Originally we planned to crash for a night in Phitsanlok before catching the train to Chiang Mai, but after our initial cruise through the town, we decided to skip the night in town and shoot for an afternoon train to Chiang Mai. Since we had managed to acquire our usual fetid odor after 3 hours of riding, we decided to find a cheap hotel room to shower up and store our things until the train left at 1:30pm. This was before we actually bought the tickets. When we did purchase the tickets we found out that our 1:30 train didn't actually leave until 8:40pm, leaving us with roughly 12 hours to kill in town. The hotel room wasn't exactly posh, which left us searching for a place to spend the day.

Well, if you have 12 hours to kill in a smallish town in Thailand, what better way to spend the day than at a local mall. That's right, we spent the better part of our day in Phitsanlok at the mall. Got some shopping done (my Chaco's are sadly about to go), hit up the old internet, and of course hit up the mall arcade to play some ping-pong, it felt like middle-school all over again.

We did manage during the course of the day to make our way to the local weekend market in town, and see something closer to traditional Thai culture. The weekend market was an impressive display of meat, fish, fruit, clothing, pretty much anything you could want. If you want to buy a pigs head, that is the place to go. Plus they keep the fish fresh in basins built into the countertops. Pick your fish and that is filleted right there for you...entertaining.

After 12 highly entertaining hours in Phitsanlok we packed our bikes onto the train and proceeded on what turned out to be an uncomfortable 8 hour train ride to Chiang Mai. I know I've said it before but infrastructure in southeast asia is not meant to accomodate tall lanky white guys. 8 hours of fitful sleep later we arrived in the mountains of Chiang Mai.

Impromptu rest day

Our afternoon spent relaxing at the falls was so nice we decided to take a rest day and kill another day there. We blissfully slept in until 7:30am and then made a bee line to the falls and proceeded to copy the kids from the day before, leaping off the ledge and into the pool below. The morning swim was followed by a few hours of lazy riding in the villages around the river, checking out the local wats, and taking in a cold bubbly beverage as the temperature began to crank up. We sat out the mid-afternoon heat in our lovely refrigerated paradise, followed by some evening river wandering and delicious dinner from the weekend night market. Exactly what my tired legs needed.

Riding to the unknown

From Dansai we wanted to ride somewhere that put us within a reasonable day of riding from the town of Phitsanlok. Sounds easy, but we weren't at all sure what kind of accomodation there would be along the road, which as always left me a little apprehensive about the ride.

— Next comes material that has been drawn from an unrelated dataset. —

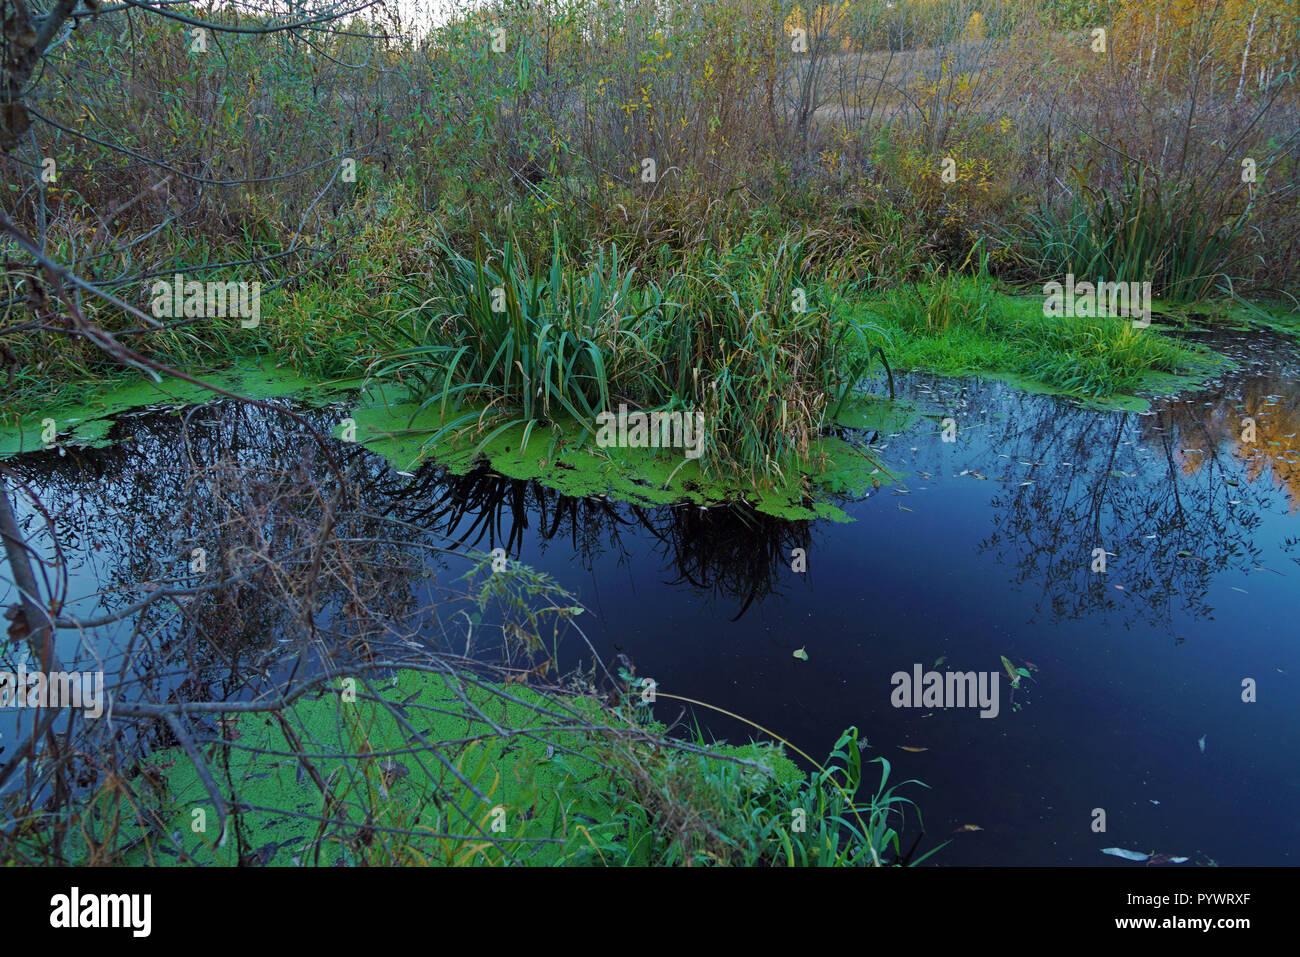 Bella estate paesaggio forestale con marsh, ricoperta con canne e lenticchie d'acqua Foto Stock

The day started early, and so did the hills. We climbed for the first hour or so out of Dansai and descended down a comprable down hill, followed by kilometers of rolling hills. Rolling hills may not actually be the best description of the terrain, they were actually short, steep ascents, followed by short, steep descents. A few kilometers into the ride you don't really mind them that much, but when you're struggling up one of the steep hills at 10am on spent legs, they're much less pleasant.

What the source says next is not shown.